Das Urteil ist vorläufig vollstreckbar.
Gründe
(gem. § 540 Abs. 1 ZPO n.F.).
I. Wegen der tatsächlichen Feststellungen des LG wird auf den Inhalt des angefochtenen Urteils Bezug genommen. Das LG hat seiner Klageabweisung als Sachverhalt zugrunde gelegt, dass der Pkw der Klägerin durch einen vor einer Kastanie der Beklagten abgebrochenen Starkast (Stämmling) beschädigt worden ist, jedoch zuvor keine besonderen äußeren Anhaltspunkte für eine Bruchgefahr des Baumes bestanden hatten, die Anlass zu einer – über bloße Sichtkontrolle hinausgehenden – eingehenderen fachmännischen Untersuchung hätte geben müssen.
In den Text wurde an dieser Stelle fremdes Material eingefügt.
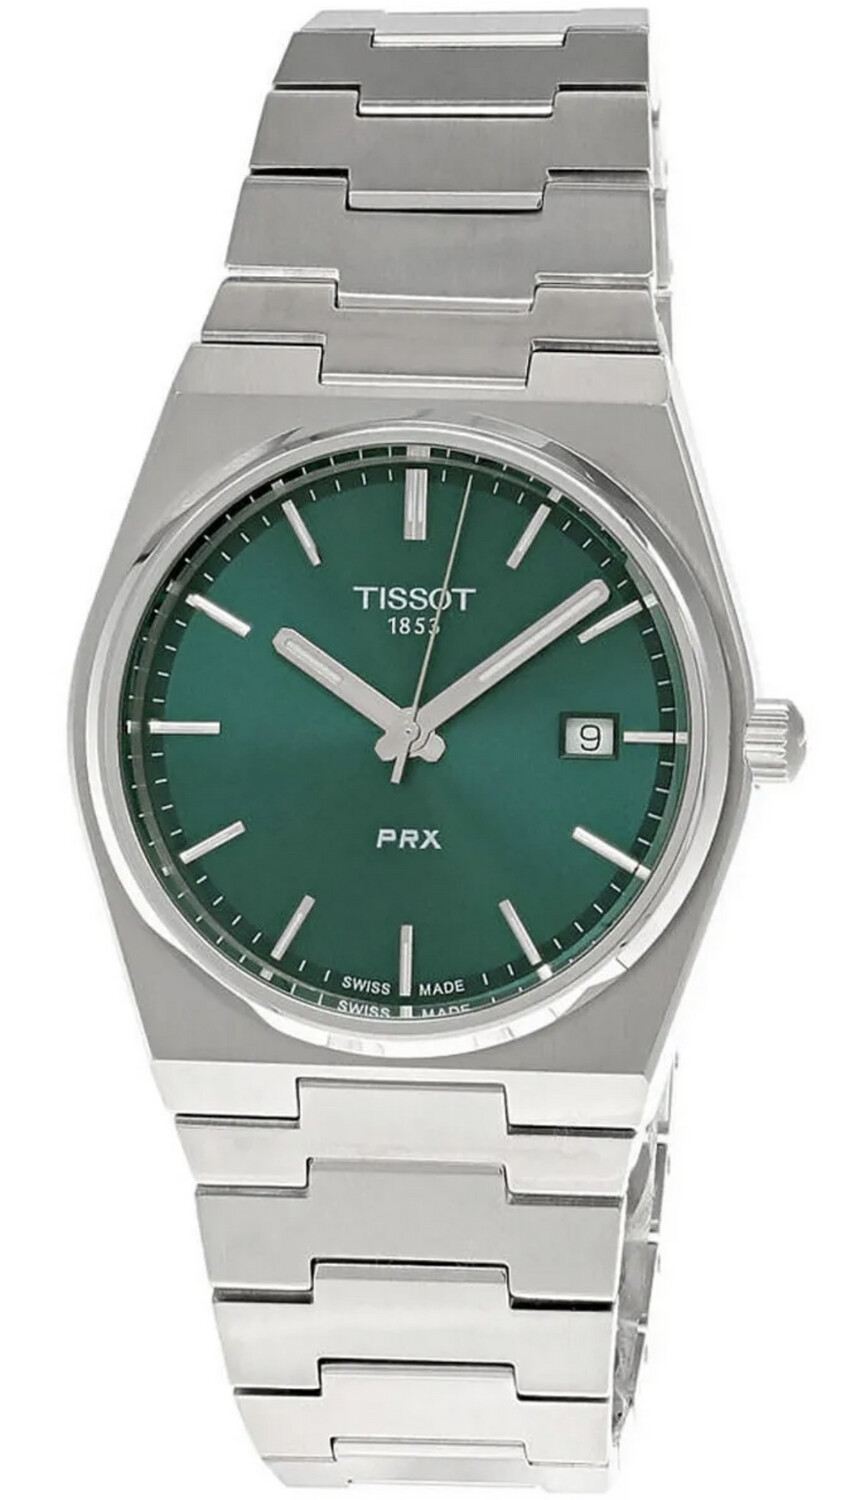 Tissot PRX GREEN

Mit ihrer Berufung hat die Klägerin die Feststellung des Fehlens äußerer Verdachtsmomente für eine Schadhaftigkeit der Kastanie gem. §§ 513 Abs. 1, 529 Abs. 1 Nr. 1 ZPO in zulässiger Weise angegriffen. Die vom Senat durch Einholung eines forstwirtschaftlichen Sachverständigengutachtens des Dr. rer. nat. H. ergänzte Beweisaufnahme führt zu der Feststellung, dass bereits länger als ein Jahr vor dem Schadenfall und damit zum Zeitpunkt der Sichtkontrollen äußere Anzeichen für eine Bruchgefahr in Form alter Astabbruchstellen und Höhlungen im Stamm sowie einer ausgeprägten Längsrippe als Anzeichen für einen dahinter liegenden Radialriss zwischen den Stämmlingen (Defektsymptom nach VTA, vgl. Anlage 7 zu dem Gutachten) vorgelegen haben.
II. Auf der Grundlage dieser von dem angefochtenen Urteil abweichenden tatsächlichen Feststellungen steht der Klägerin gegen die Beklagte – als Eigentümerin des schadenursächlichen Baumes – nach § 823 Abs. 1 BGB ein Anspruch auf Ersatz sämtlicher durch den Abbruch des Stämmlings verursachter Schäden zu.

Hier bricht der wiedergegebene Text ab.